Born in 1940, Uwe Nettlebeck was a left wing journalist and critic who was one of the mouthpieces of this new mood of dissent – he had briefly worked on konkret, the same magazine for which future terrorist Ulrike Meinhof also wrote.  He was also conscious of a new awakening in German underground music.  Nettlebeck put together members of two groups, Nukleus and Campylognatus Citelli - and merged them into one, Faust.  The name Faust was a reference both to the pact-making Doctor and the German word for ‘fist’, as demonstrated on the extraordinary x-ray cover of their self-titled debut album (released on clear transparent vinyl). 

After recording three albums for Polydor with limited success, the band had been dropped but they managed to secure a deal with Virgin Records, then a fledgling outlet for music that was largely regarded as somehow outré or avant-garde, the home for Art Rock in its multifarious forms.  Virgin MD Richard Branson (with whom the band did not get on) was unwilling to pay the kind of advance that Nettlebeck had prised from Polydor, but countered that with an offer for the band to record at the Virgin-owned, state-of-the-art recording facility at Manor Studios, where they could actually reside whilst recording.  And so came Faust IV, their first album proper for Virgin, released in September, 1973.

As seems somewhat par for the Faust course, the story starts to get messy.  Nettlebeck intervened, compiling what would be the finished IV album from the Manor sessions (as well as from some previous sessions in Wumme, Germany), without involving the band, which impelled founder-members Hans-Joachim Irmler and Rudolf Sosna to leave the fold.  The remaining members – Jean-Hervé Peron, Zappi Diermaier and Gunther Wustoff – were to recruit members of Slapp Happy and Guru Guru to supplement the band for their touring commitments to promote the ‘IV’ album on its eventual release.  This may suggest that the album is, in some way, a disjointed, random, unfocused and ill-conceived mess but it is, in fact, a far more accomplished and coherent recording than its troubled birth infers. 
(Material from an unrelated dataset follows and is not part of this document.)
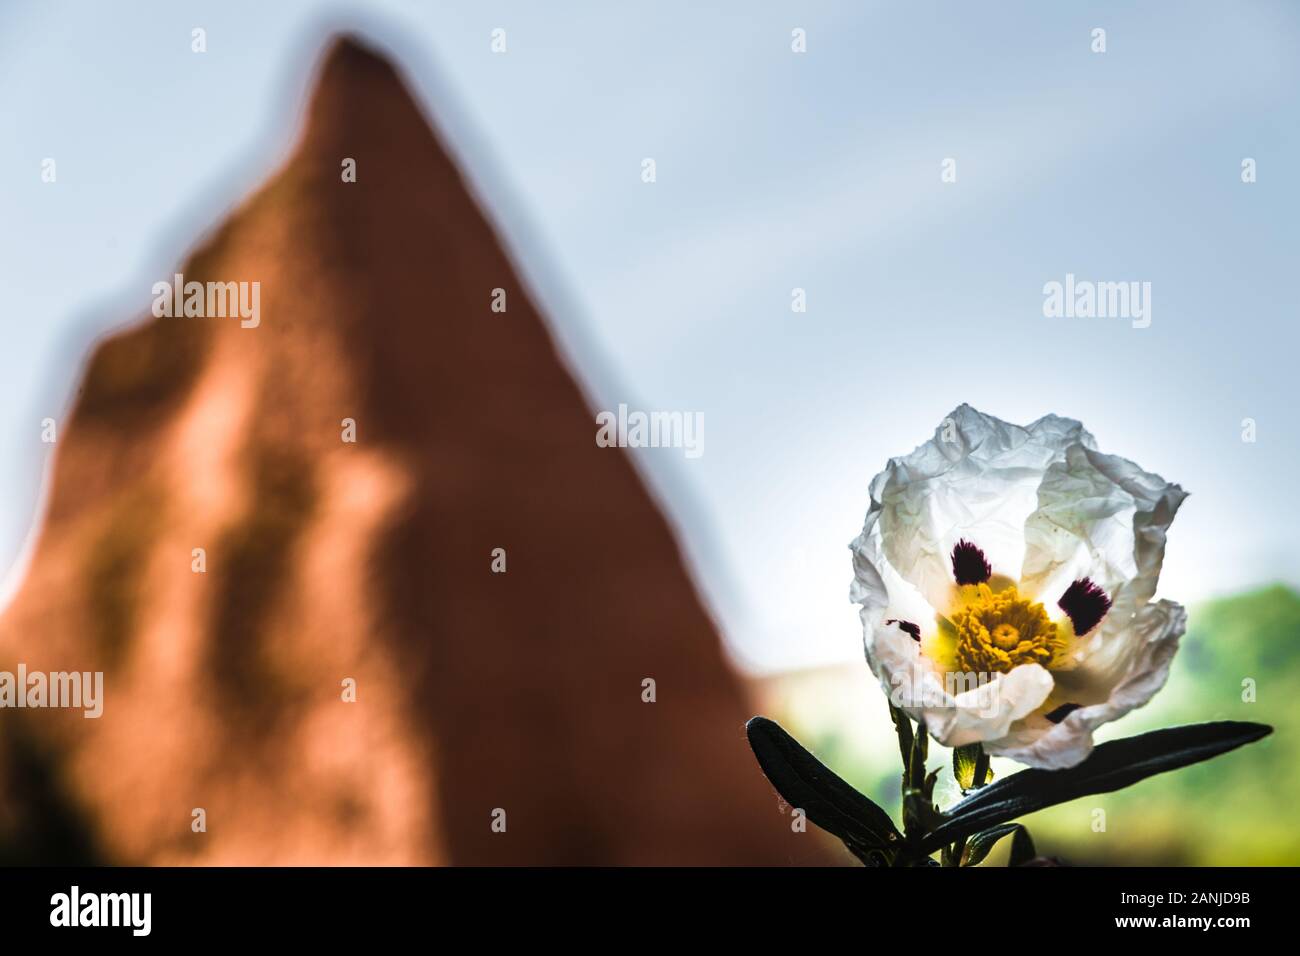 View of a Jara flower with the mountains of Las Medulas in the background. Stock Photo

Although Faust IV was a failure, sales-wise, and the band were soon to be dropped by Virgin, the album has only grown in stature and appreciation in the years since its initial release.  Its often brittle, often witty, and always engrossing soundscape continues to enchant, despite the passing years.  Like many innovative recordings – such as Trout Mask Replica by Captain Beefheart, or  A Wizard, A True Star by Todd Rundgren, it is not something you would necessarily play every day, but a few times a year, only it will do.